Exercise> Copy each line below as it stands, but skip any picture it contains.

Supplied material>
+-------+

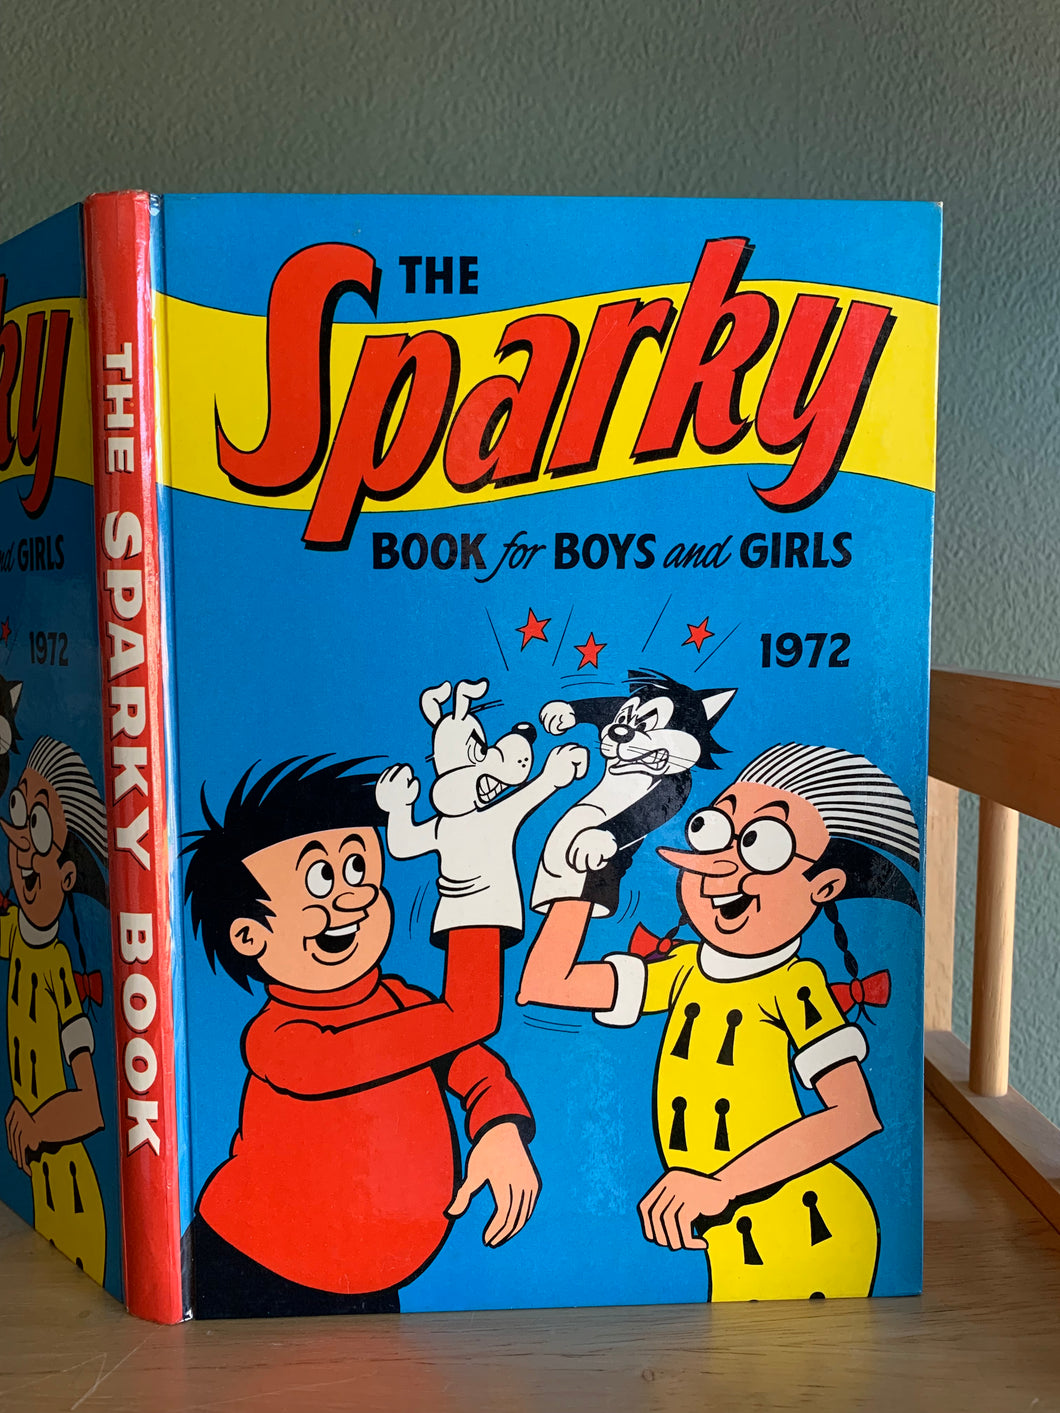 The Sparky Book for Boys and Girls 1972
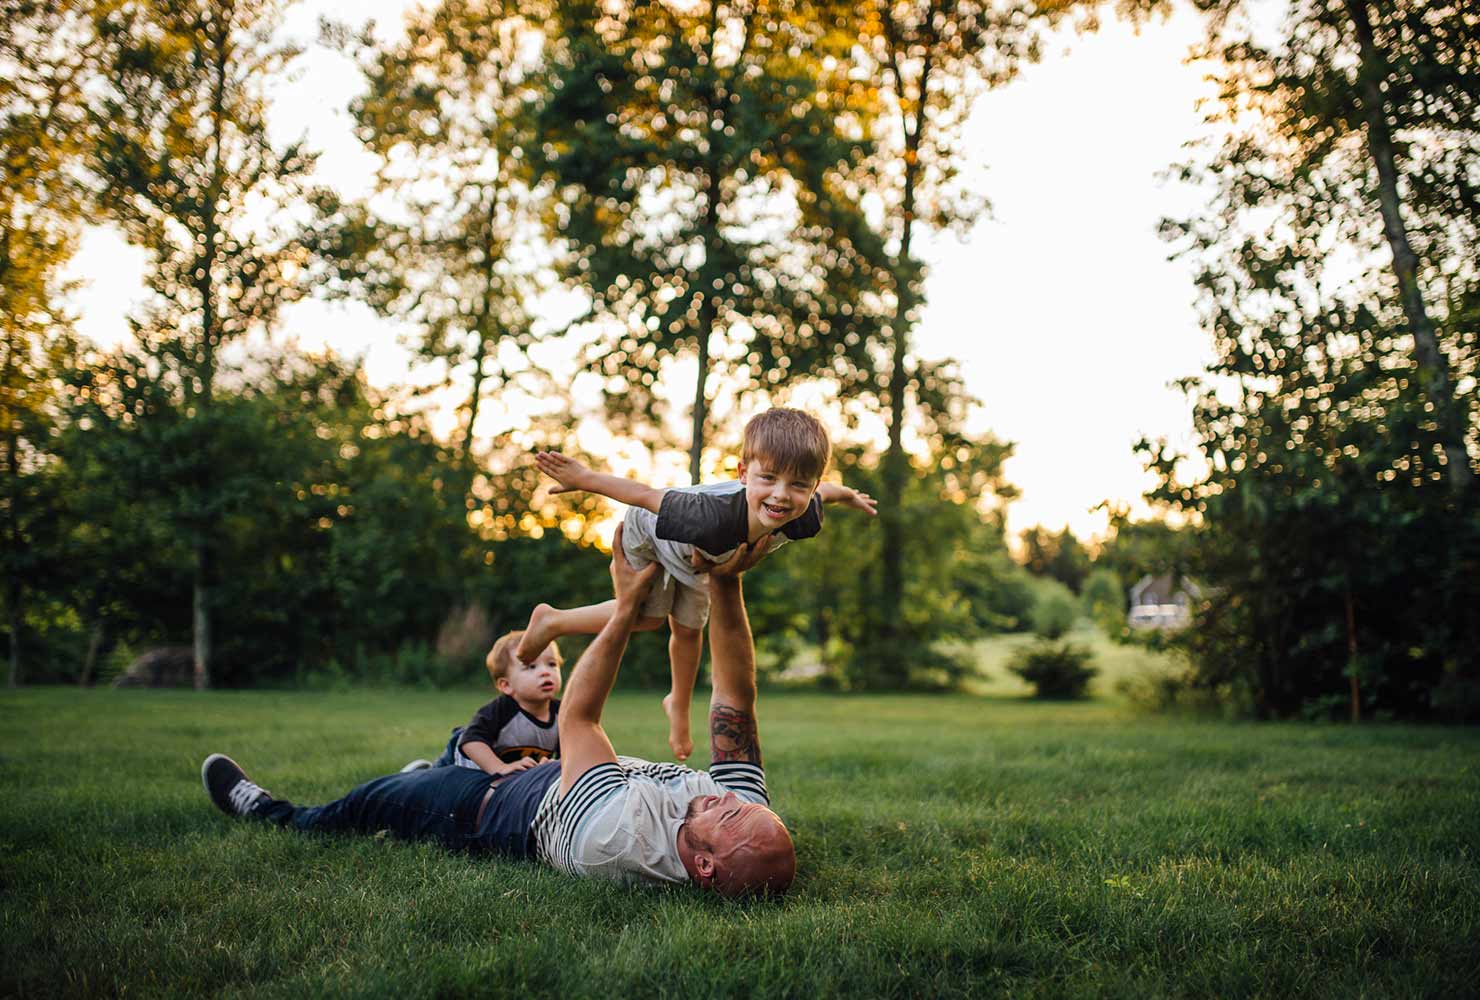 sibling photo ideas fun with dad
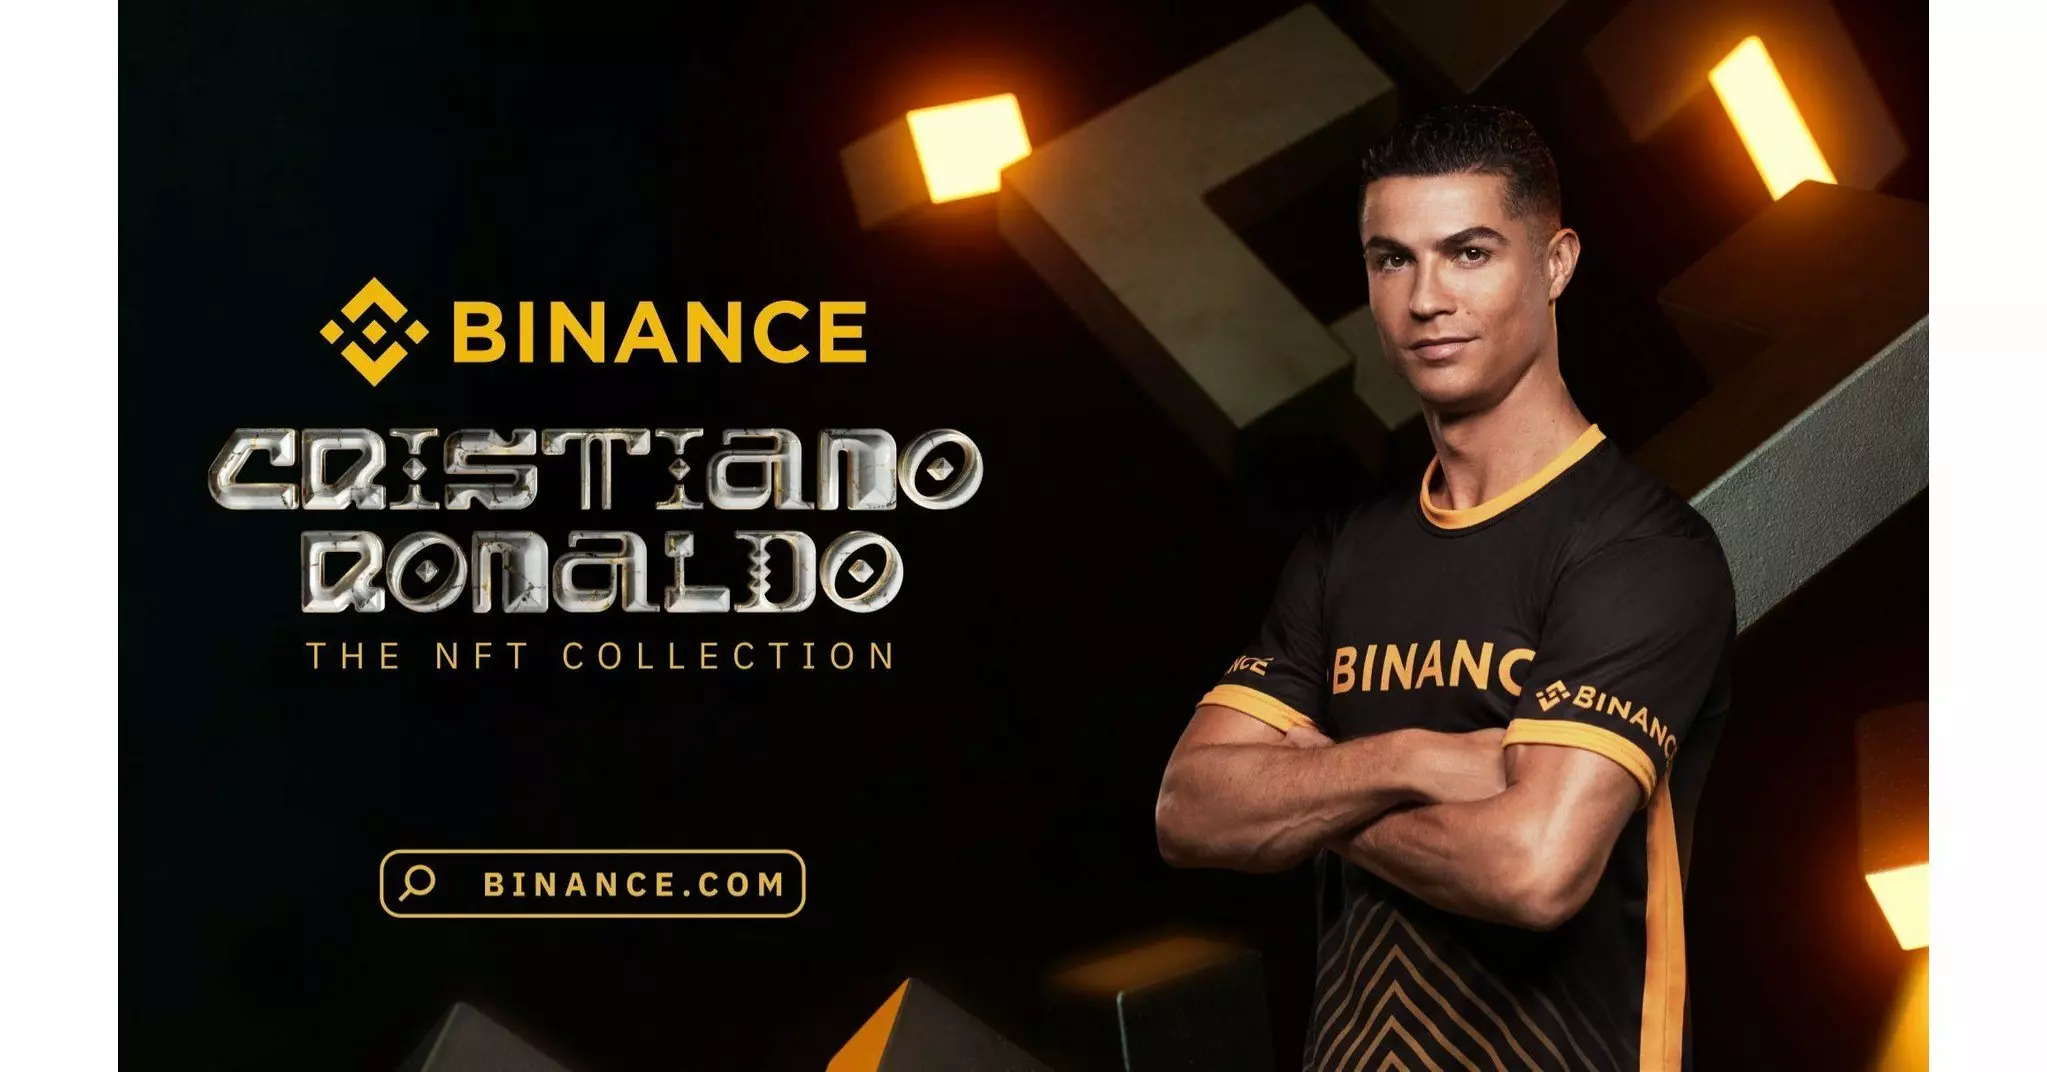 Ronaldo's first NFT collection was a huge success
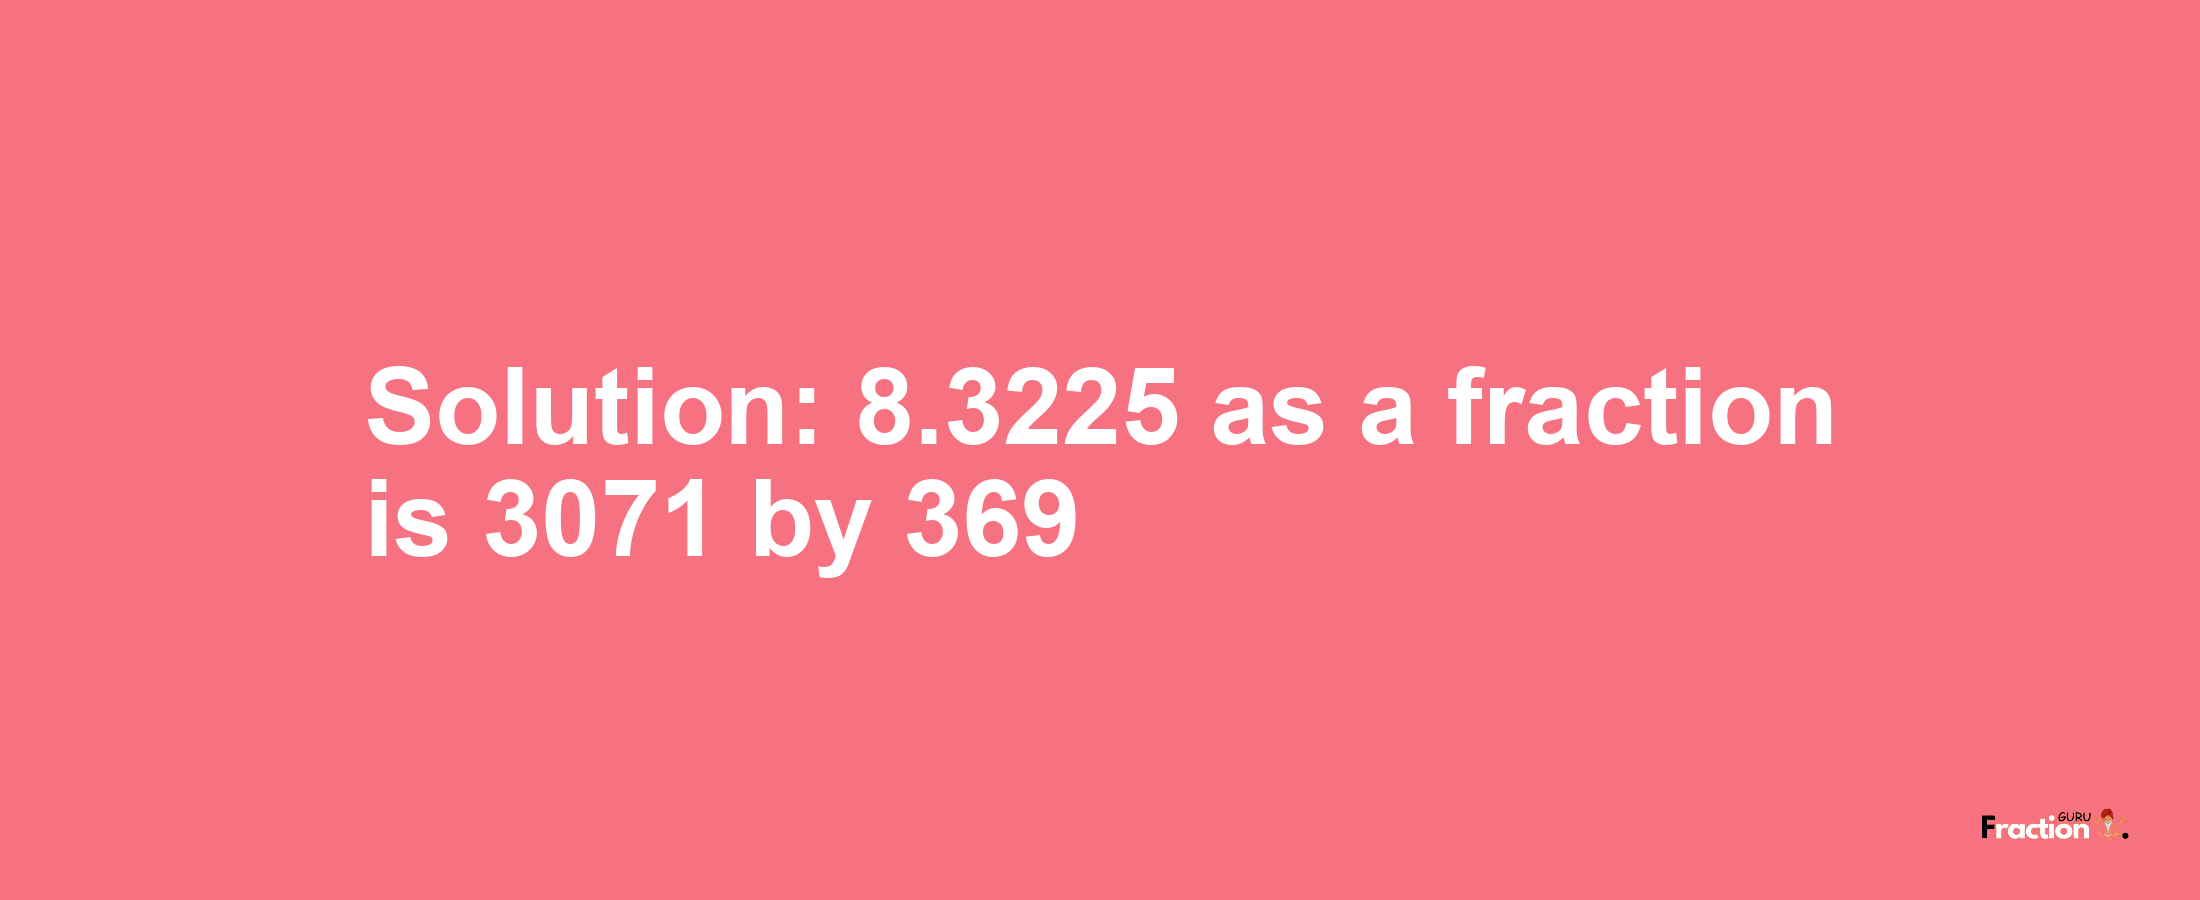 Solution:8.3225 as a fraction is 3071/369

+-------+

Output below>
 The Sparky Book for Boys and Girls 1972
 sibling photo ideas fun with dad
 Ronaldo's first NFT collection was a huge success
 Solution:8.3225 as a fraction is 3071/369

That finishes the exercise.